Operational Notes and Strategic Developments
- Business operations were not materially affected by seasonal or cyclical factors during the quarter.
- The Group operates in a single segment – manufacturing and supplying plastic packaging products in Malaysia. No segmental breakdown is provided.
- No material changes in estimates, debts, or equity securities occurred during the quarter.
- No major events, transactions, or changes in the Group’s composition or contingent liabilities were reported.
- Corporate guarantees granted to subsidiaries stand at RM6.85 million.
- No significant related party transactions, material litigation, or corporate proposals are pending.
Risks and Forward-Looking Statements
- External Risks: The ongoing Iran war and closure of the Strait of Hormuz have impacted petrochemical feedstock availability, causing a spike in plastic resin prices and margin erosion. This is a potentially price-sensitive event for investors, as it could affect future profitability and operational costs.
- Taxation: The effective tax rate was above the statutory rate due to reinvestment allowances claimed by a subsidiary, and real property gain tax was not incurred in 2026.

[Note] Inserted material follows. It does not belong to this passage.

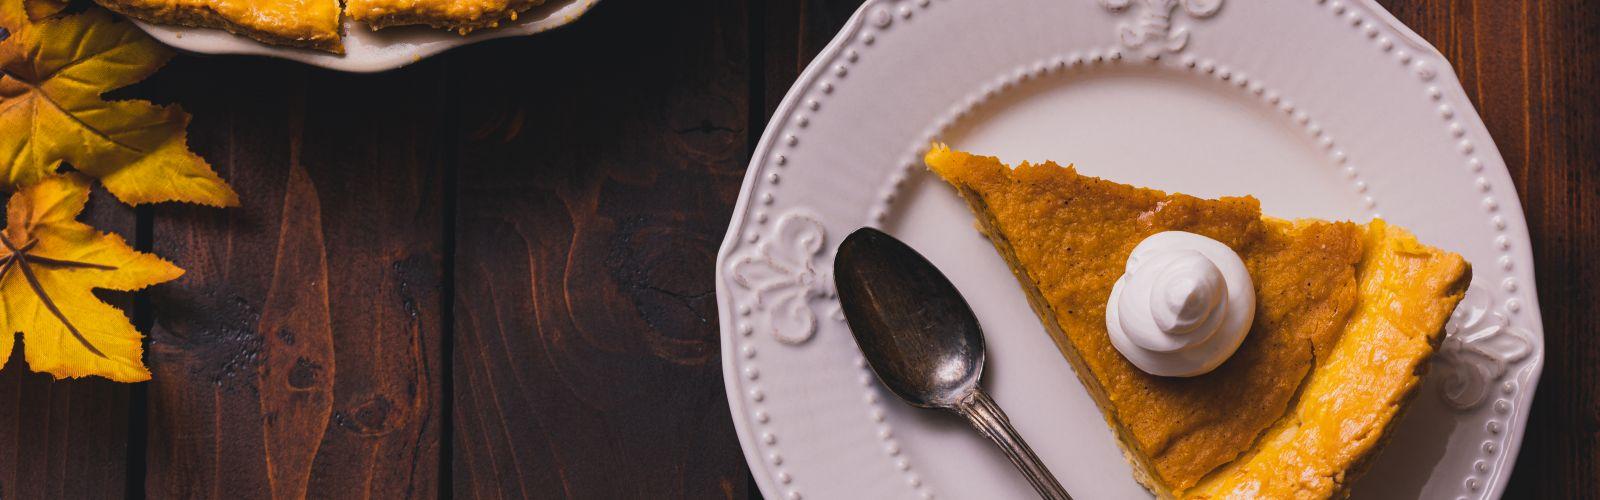 homemade pumpkin pie recipe

- Capital Expenditure: The Group is committed to prudent capital spending, with further machinery purchases subject to necessity and careful monitoring.
- Liquidity: The Group maintains adequate liquidity to meet obligations, reinforcing its financial resilience in challenging market conditions.
Earnings Per Share
- Basic loss per share for the quarter was (0.36) sen, improved from (1.10) sen last year. Full-year basic earnings per share was 2.85 sen, compared to a loss of (0.41) sen previously.
Investor Takeaways
- The turnaround in profitability, strong cash flows, and increased asset base are positive developments for shareholders.

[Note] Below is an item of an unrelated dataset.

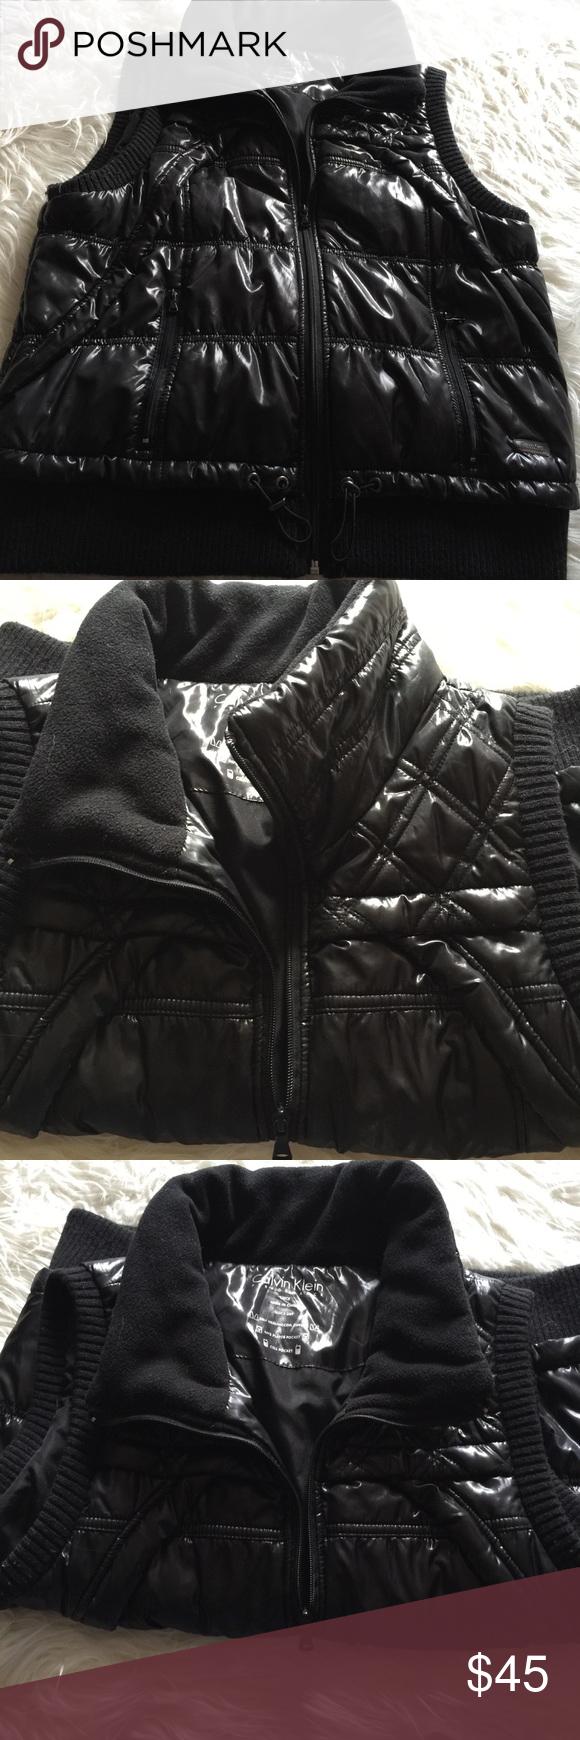 Calvin Klein sleeveless black jacket. L. Very good

- The external geopolitical risks impacting resin costs could be a material factor affecting future share price and must be closely monitored.
- Prudent capital management and low gearing enhance financial stability, supporting the Group’s ability to weather uncertainties.
- The interim dividend reflects management’s commitment to returning value to shareholders, though future dividends depend on ongoing performance and market conditions.
Disclaimer
This article is based on unaudited financial statements and management commentary from CYL Corporation Berhad for the quarter and year ended 31 January 2026. It does not constitute investment advice. Investors should conduct their own due diligence and consult professional advisors before making investment decisions. The information herein is subject to change and may not reflect all material developments.